# [request] a way for windows to show apk's icons



## deadseth (Apr 30, 2012)

to whom it may concern,

if i posted this or forgot some "rule" my apologies first off.
if not or still able to get sum help then ill continue..

on a windows box (xp,vista,seven,whatever) is there a way to have it handle the .apk or whatever so that it can display the apk's actual icon instead of a icon of whatever program that it is associated with?

if this makes no sense then say so, otherwise plz help n shit 

thanks in advance...

@deadseth
"i die alot"


----------



## yarly (Jun 22, 2011)

Why do you have so many APK files on your PC that you would care if they have a proper icon or not?


----------



## Mustang302LX (Jun 28, 2011)

yarly said:


> Why do you have so many APK files on your PC that you would care if they have a proper icon or not?

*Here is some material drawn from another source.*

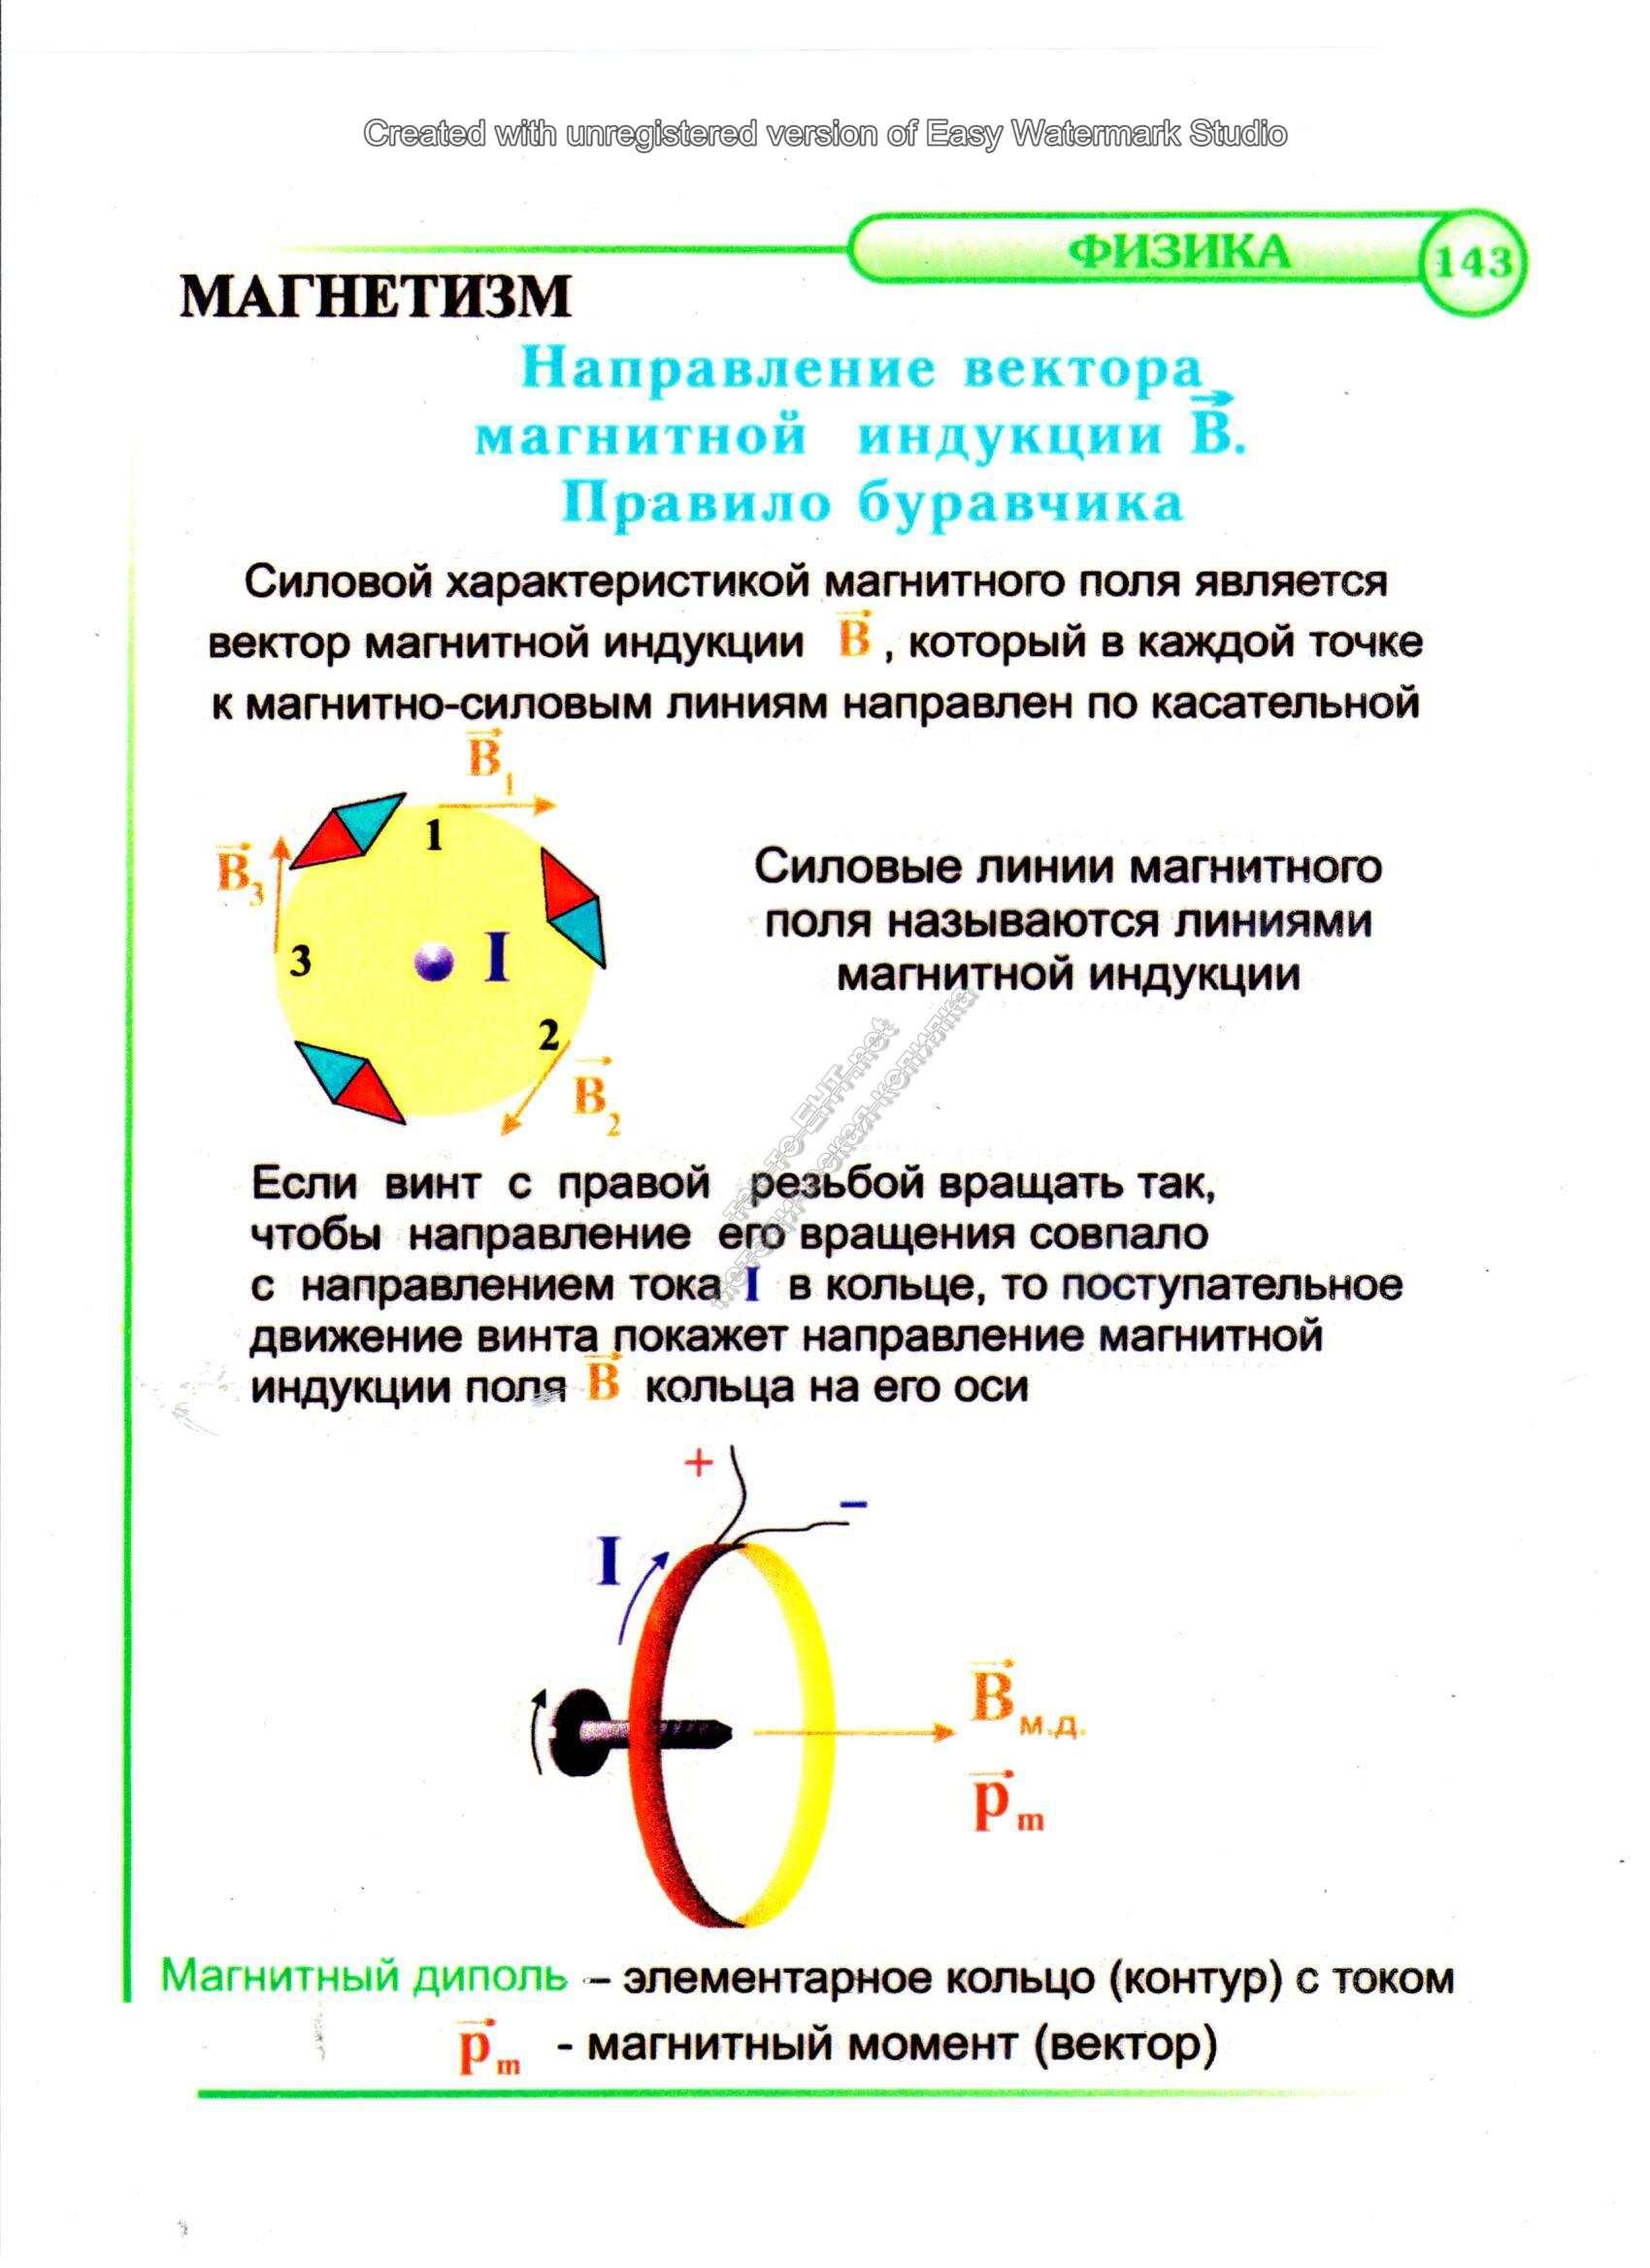 Направление вектора индукции В. Правило буравчика

Good question. I'm wondering the same.


----------



## jellybellys (Apr 3, 2012)

I have no idea how well it works because I don't use windows, but a few minutes on Google got me this:
http://code.google.com/p/apkshellext/


----------



## deadseth (Apr 30, 2012)

tried that. it doesnt handle it very well actually
but good lookin out.

i also scoured google in hopes of some sort of answer.
altho i may have not used the proper terms for google's sensitive ass.
but um... good lookin tho


----------